— Поняла. Уймись ты, за-ради Христа!
— Теперь молчу, коль поняла. Давай, Тиша, поздравим Авдея с возвращением с того света, а его мать и сестриц с великой радостью! — С этими словами Пишка уселся за стол, да не где-то там с краешку, а поглубже, чуть ли не под иконами, откуда его непросто будет потом выдворить. Тишка, тот поскромничал, ткнулся тощим своим задом в старенький скрипучий стул чуть даже поодаль от стола, показывая таким образом, что он гость неопасный, поскольку собирается быстро покинуть застолье, предназначенное явно не для них с Пишкою.
К двум этим незваным гостям вскоре прибавились еще два: Санька Шпич, вернувшийся в конце войны с покалеченной правой рукой (на ней остались теперь лишь два пальца, средний и указательный, да и те не сгибались, так и торчали, вроде бы в кого-то тыча, похожие на зубья двурогих вил), и пристегнутый за компанию секретарь сельсовета Виктор Лазаревич Присыпкин, о котором, пожалуй, следует сказать подробнее, поскольку человек этот до войны и во время войны не значился в списках завидовцев. Санька Шпич познакомился с Виктором где-то на фронте — был этот солдат в их роте отделенным командиром, а по совместительству еще и писарем, — и они условились, что, демобилизовавшись, Виктор Присыпкин не поедет к себе на Брянщину, где оккупанты изничтожили всех его родных, да и само селение сровняли с землей, а наведается в Завидово, сперва для того, чтобы погостить у фронтового товарища, ну а потом, если село покажется ему, Санька возьмет его к себе в секретари. Так все и произошло. Присыпкин остался. Впрочем, эту подлинную его фамилию знали лишь в районе, куда Виктор Лазаревич чуть ли не каждый день отвозил собранные им у населения денежные налоги, Санька Шпич, вновь избранный председателем завидовского сельского Совета, да еще тетенька Анна, у которой, как и прочие завидовцы, останавливался секретарь. Все другие называли Виктора Лазаревича Присыпкина одним коротким и категорическим словом — Точка. О таком прозвище позаботился не кто иной, как сам Виктор, поскольку любую фразу, любую, малую или длинную, свою речь секретарь завершал, как бы подытоживая мысль, именно этим словом «точка». В его устах она обретала множество самых разных по значению интонаций, несла самую разнообразную эмоциональную нагрузку, нередко совершенно неожиданную, каковую надлежало бы обозначать каким-то иным знаком препинания, но не точкою.
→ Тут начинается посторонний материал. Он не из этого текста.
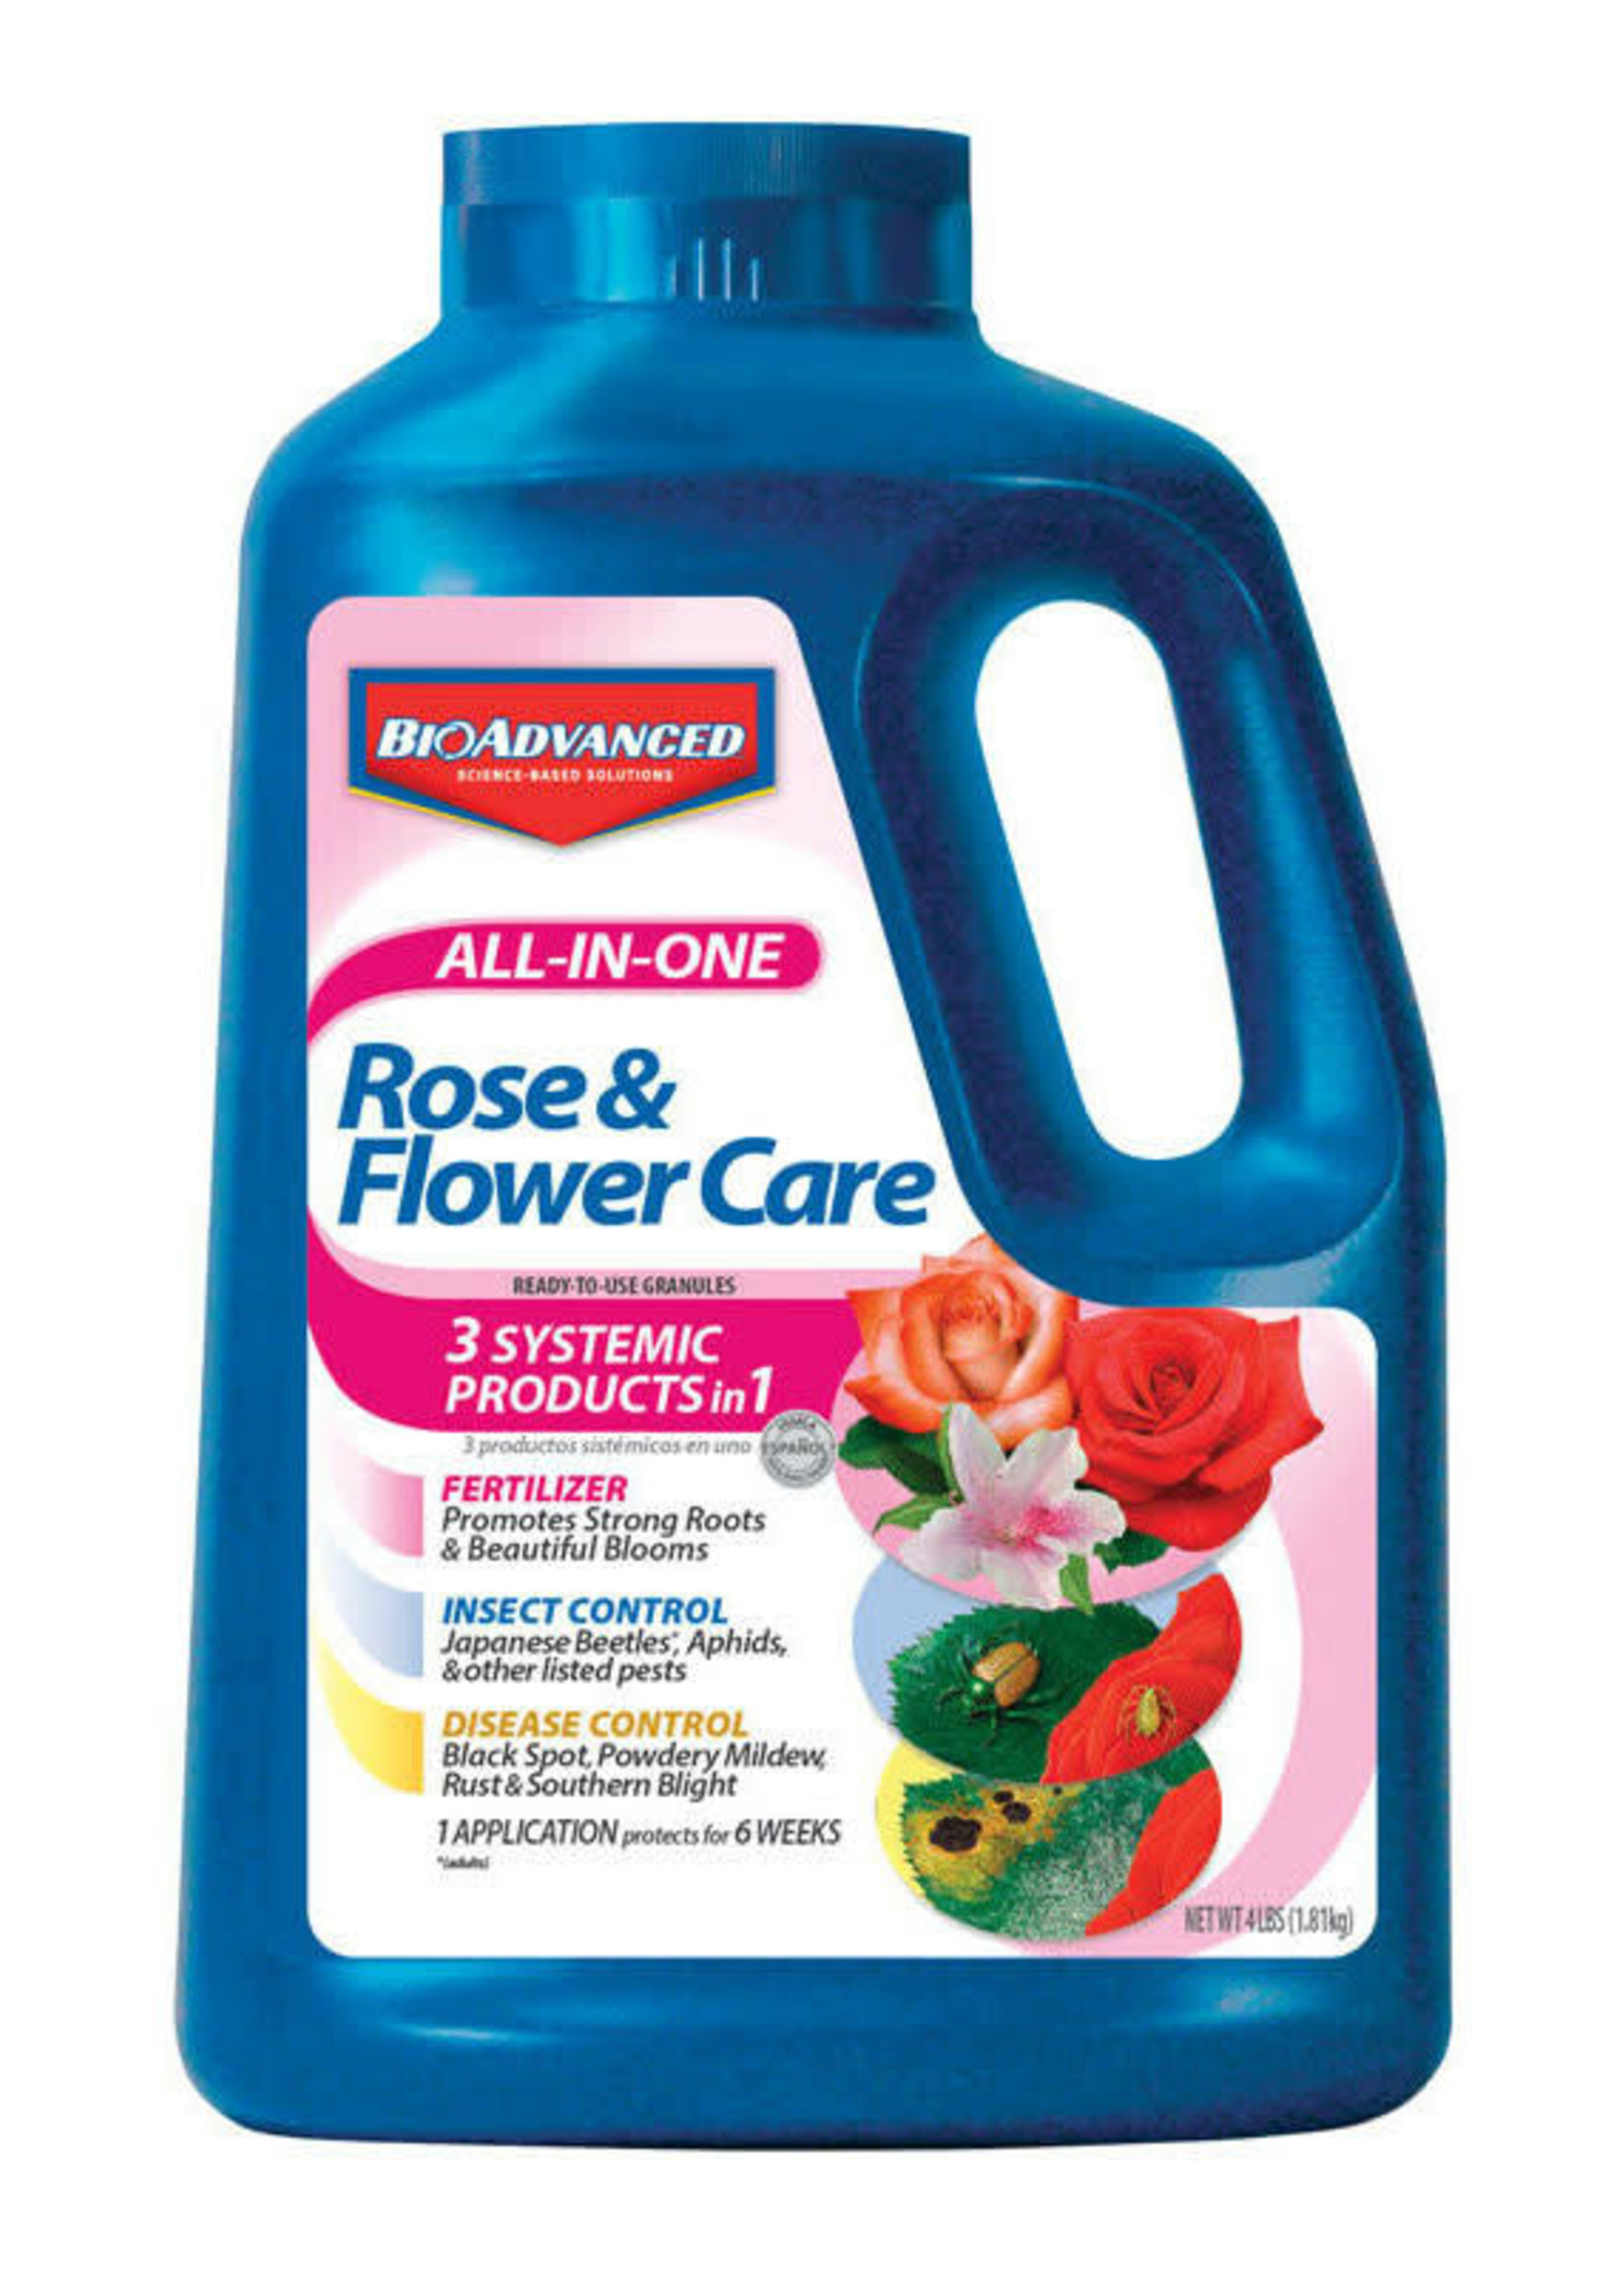 BioAdvanced All-in-One Rose & Flower Care 6-9-6 4lb

Итак, усердиями Саньки Шпича Точка была поставлена в Завидове, а через год прибавилась к ней и Запятая, славная и прехорошенькая девчонка по имени Дарья, которую до замужества все называли ласково и любовно — Даша. Выйдя за Виктора, она естественно и тотчас же была окрещена селянами Запятой. Теперь, завидя супругов, отправившихся куда-то вместе, человек не удержится, чтобы не сказать: «Точка с Запятой куда-то наладились. К Шпичу, должно, в гости».
К Шпичу Точка хаживал часто, иногда один, но больше все с Дашей, потому что та была близкой подругой Насти Вольновой, тоже утратившей свою веселую и легкую фамилию. Теперь нет-нет да кто-нибудь кинет ей вслед: «Председательша, Шпичиха пошла!» Настю, однако, любили на селе и даже в слово «Шпичиха» не вкладывали насмешливо-злого смысла, а произносили его с неизменным уважением, может быть, не только потому, что Настя обладала редким по доброте характером, но и потому, что, сделавшись «председательшей», она не оставила трактор, продолжала крутить баранку своего старенького, «зачуханного», как она говорила, «универсальчика». Мягкая по натуре, Настя показала вдруг своему начальствующему супругу характер и решительно отклонила его просьбу, похожую по интонации на приказ, чтобы оставила трактор и занималась только по дому, провожая на службу и встречая со службы своего суженого. «В домработницы, что ли, меня взял? Не бывать этому!» — объявила она, да так, что у Саньки отпала всякая охота сызнова заводить речь об этом. «А ты, оказывается, того… оса, и ужалить можешь!» — только и вымолвил он в крайнем удивлении и долго, в раздумчивости крутил круглой и умной своей председательской головой. «Могу, могу, дорогой муженек, а ты как думал!» — сказала она, смеясь, и сейчас же обвилась руками вокруг Санькиной шеи, неожиданно даже поцеловала его и в губы, и в двупалую руку.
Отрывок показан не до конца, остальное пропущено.